DIRECTIONS FOR THIS TASK = Any pictures in the records below must be left out when you repeat the lines from the line containing "honolulu zoo private tour" through the line containing "DiXiM Digital TV for iOS 詳細設定" exactly.

PROVIDED INFORMATION =
-------

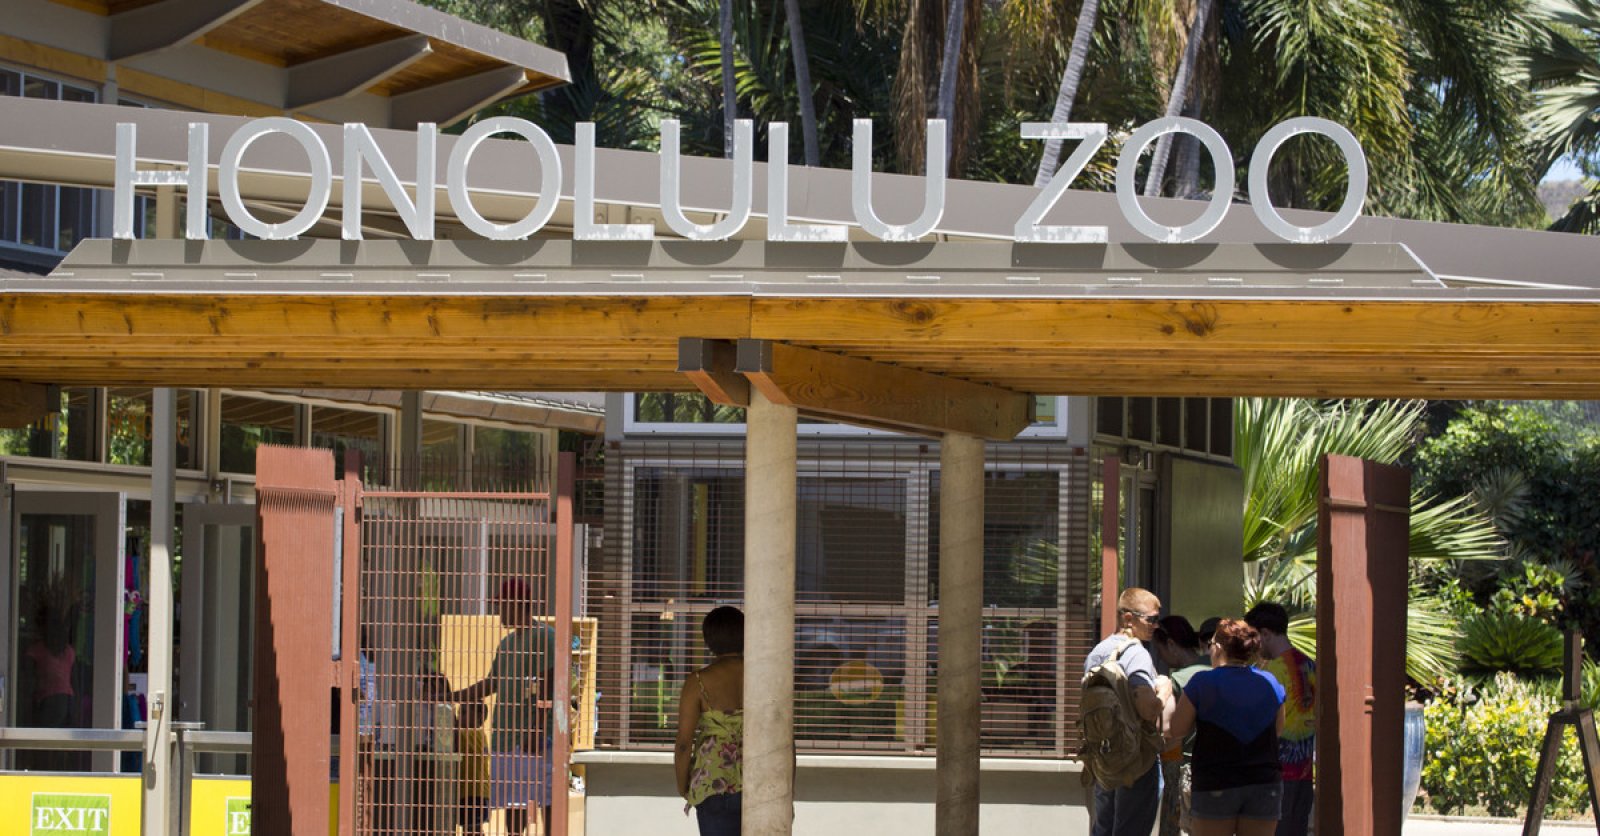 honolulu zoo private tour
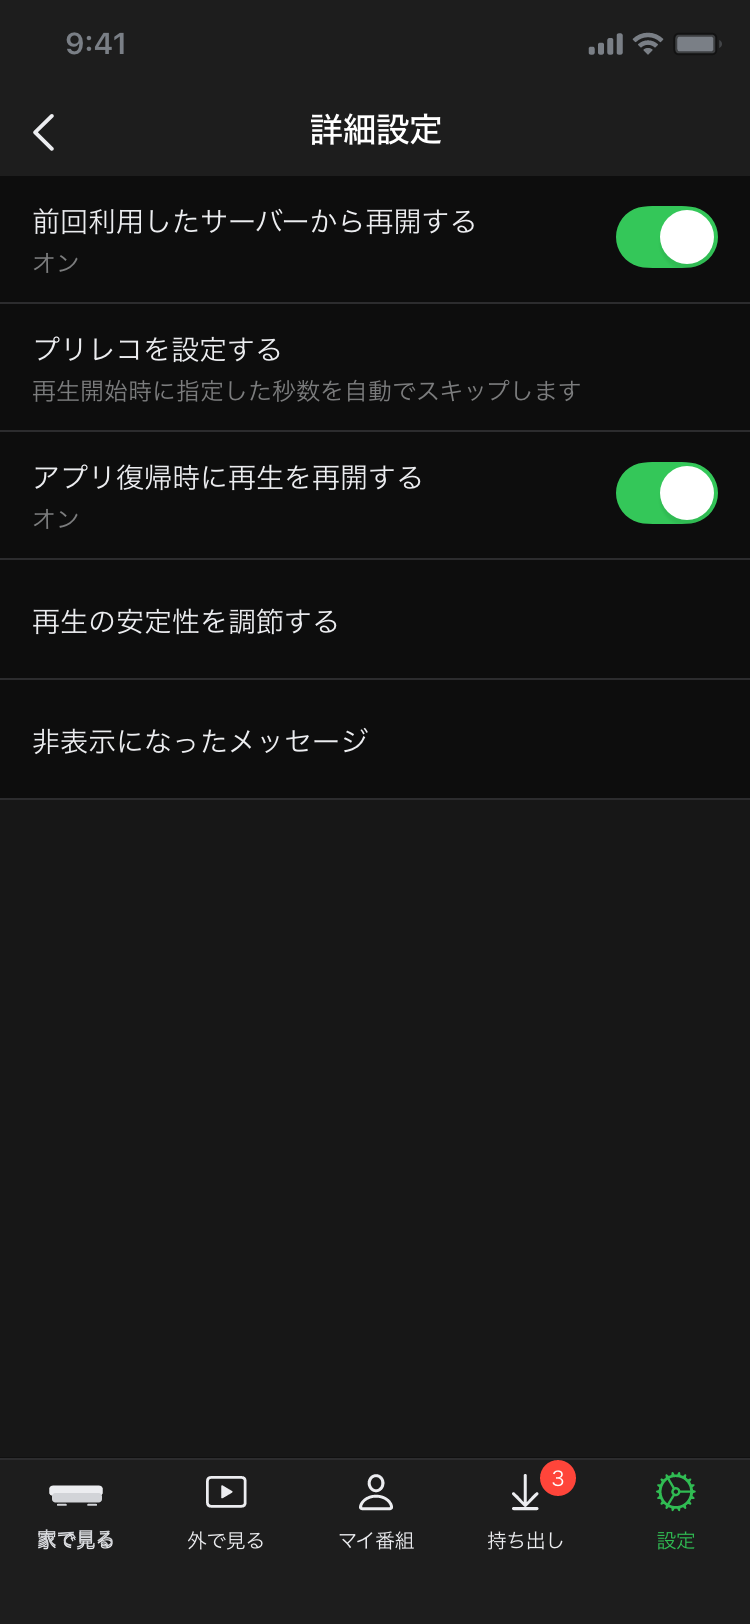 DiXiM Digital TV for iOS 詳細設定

-------

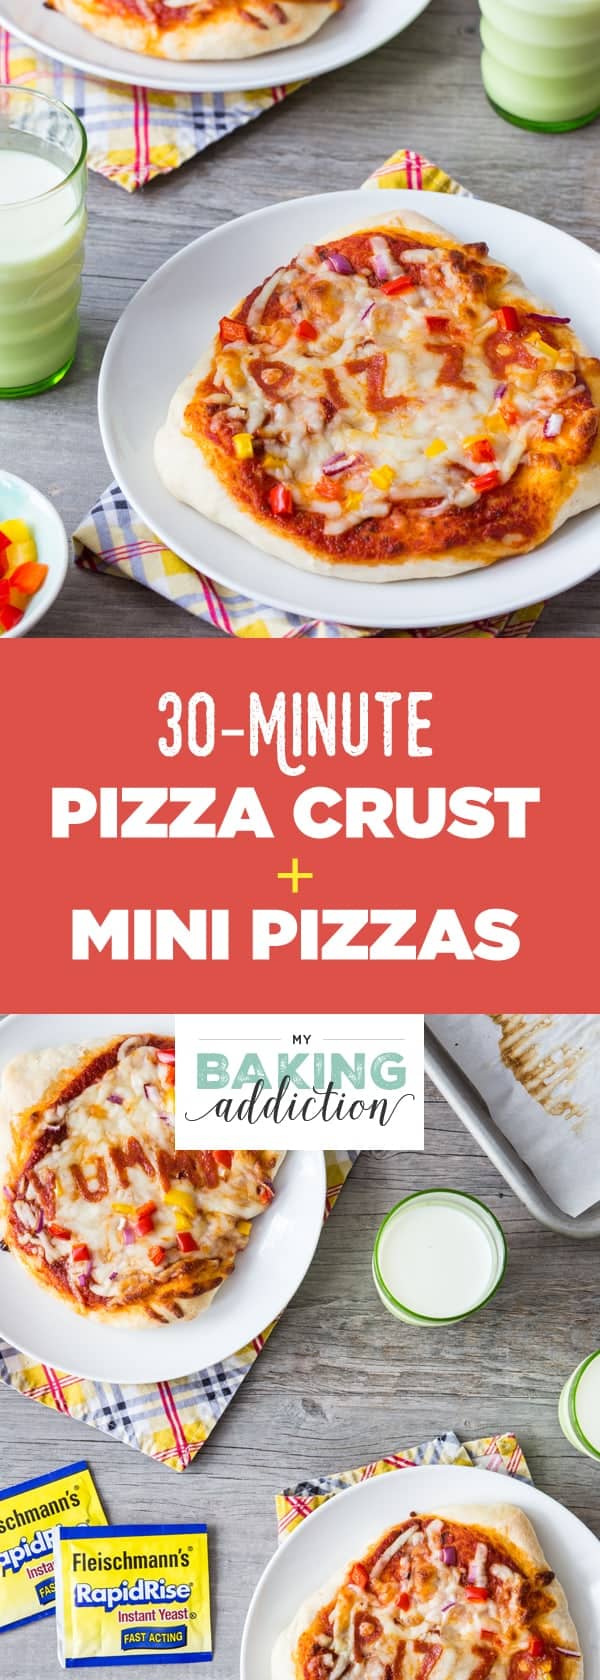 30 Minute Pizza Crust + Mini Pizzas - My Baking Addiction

-------

RESPONSE FOR THIS EXERCISE =
 honolulu zoo private tour
 DiXiM Digital TV for iOS 詳細設定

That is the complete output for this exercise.